Illegal engine oil dumping is an important source of marine pollution as can be seen from the pie chart.
Pie chart. Causes of Marine Pollution
For a consulting project with Environment Canada, I was given \(n=17\) samples, labelled a, b, …, q of the spectroscopy analysis of different oil slicks caused by illegal engine oil dumping off the East Coast of Canada. The spectroscopy measurements comprised \(p=173\) normalized ion concentrations. These normalized ion measurements are like spectrographic fingerprints for the vessel that damped the used engine oil.
The basic problem given 17 oil slicks, determine how many different ships are involved. This is a clustering problem with \(n=17\) samples and \(p=173\). Notice that this is a wide data problem since \(p>>n\).

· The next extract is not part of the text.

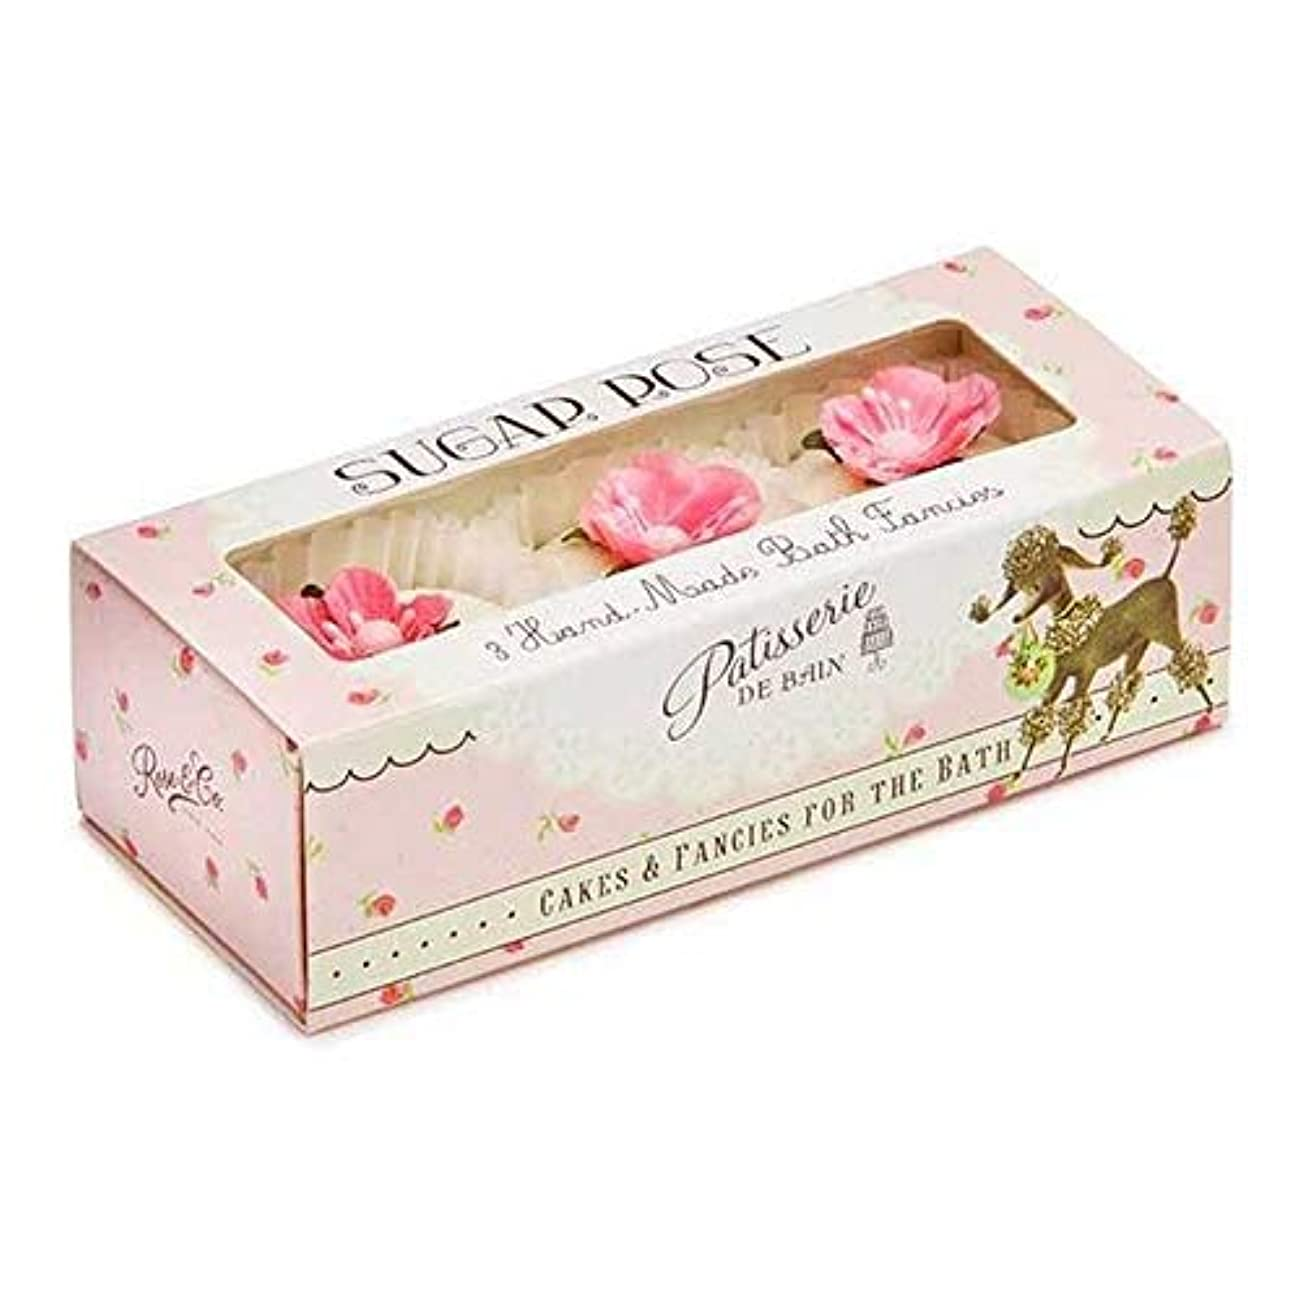 [Patisserie de Bain ] パティスリー?ド?ベイン砂糖はお風呂が3×45グラムを溶かしバラ - Patisserie de Bain Sugar Rose Bath Melts 3 x 45g [並行輸入品]

The data was provided in a csv-file with rows and columns corresponding to variables and observations. Note that this is the transpose of the usual data matrix. After inputting to R and taking the transpose, we find that 89 variables have interquartile range, \({\rm IRQ} = 0\). So these variables were discarded. The remaining data matrix is 17-by-84. Here is a display of the first six rows and columns of this data matrix,
## Ion1 Ion2 Ion3 Ion4 Ion5 Ion6
## a 0.00 0.00 0.00 6.60 7.06 2.42
## b 1.04 3.14 41.02 100.00 50.56 5.50
## c 2.12 0.00 1.10 14.63 10.78 2.78
## d 1.45 0.00 9.83 32.20 25.11 3.86
## e 0.00 0.00 0.00 23.74 14.63 0.00
## f 20.61 64.86 100.00 87.23 60.76 5.18
The PCs are computed using prcomp() and the scree plot is shown below in Figure 1. The scree plot suggests that the first two principal components account for most of the variation.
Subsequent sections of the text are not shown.